The baffling question is not ‘why is Dungeon Keeper Mobile awful?’ but ‘why use the Dungeon Keeper IP in the first place?’ Whiles there was clearly a business case for taking The Sims and making The Sims Social due to a crossover of interested parties, Dungeon Keeper Mobile is clearly not for Dungeon Keeper fans, made clear by the mutilated art style garishly greeting you when you fire up the app, and it’s not like it has spectacular brand recognition in the wider market. It was possibly a grab for press attention but other than that there’s very little reason to drag this nostalgia fuel through the mud.

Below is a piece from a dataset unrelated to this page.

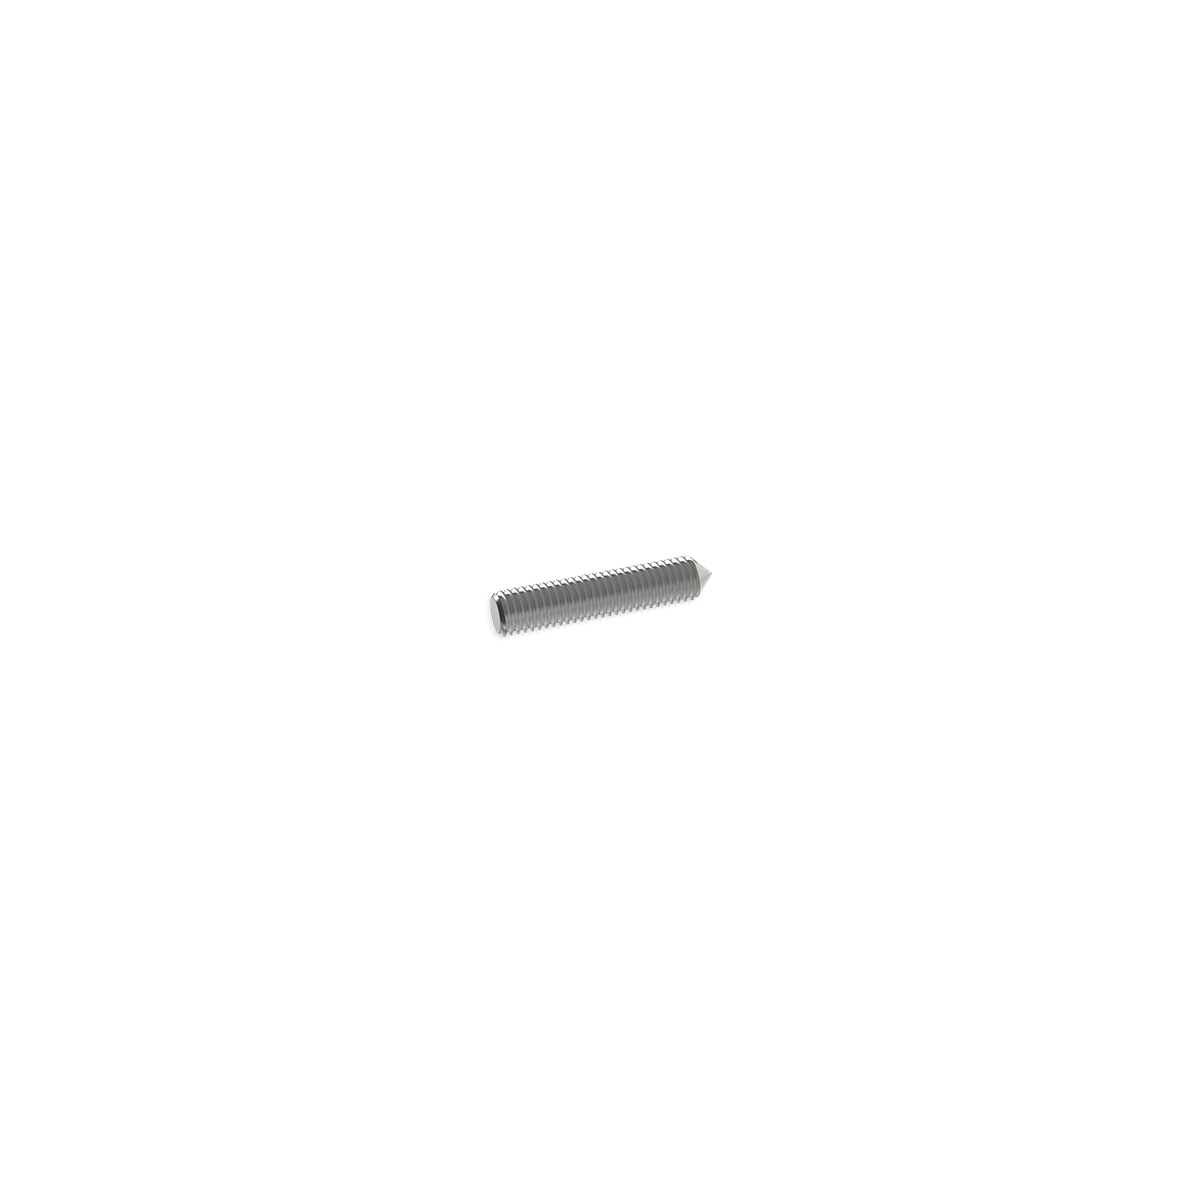 1/8'' Diameter X 5/8'' Long, Stainless Steel 6-32 Threaded Stud (1 End Flat - 1 End Conical)

There is something positive here. Thankfully this isn’t a bad sequel marking the nail in the coffin of a beloved series and could open the door for new Dungeon Keepers if the numbers end up looking good. EA shut the door on a third Dungeon Keeper game around a decade ago when it decided strategy games weren’t what the cool kids wanted anymore, so we can’t exactly blame this version for killing a thriving franchise. Maybe the analytics will be misinterpreted in our favour and we could have a slew of actual Dungeon Keeper sequels receiving funding before we know it. Naive? Probably. Out of the question? No and any games journalist can picture the inevitable news item they put together about EA botching the server support for the pointless internet connectivity requirement on said resulting sequel.

Dungeon Keeper Mobile is bad, but the EA Mobile/Mythic combination is not evil and they are doing their jobs admirably, albeit without the 100% score for marketing ethics that would be appreciated. The only possible result of this mess that affects the future of the Dungeon Keeper saga is a positive one and the most likely scenario does no damage, but simply does not change a thing.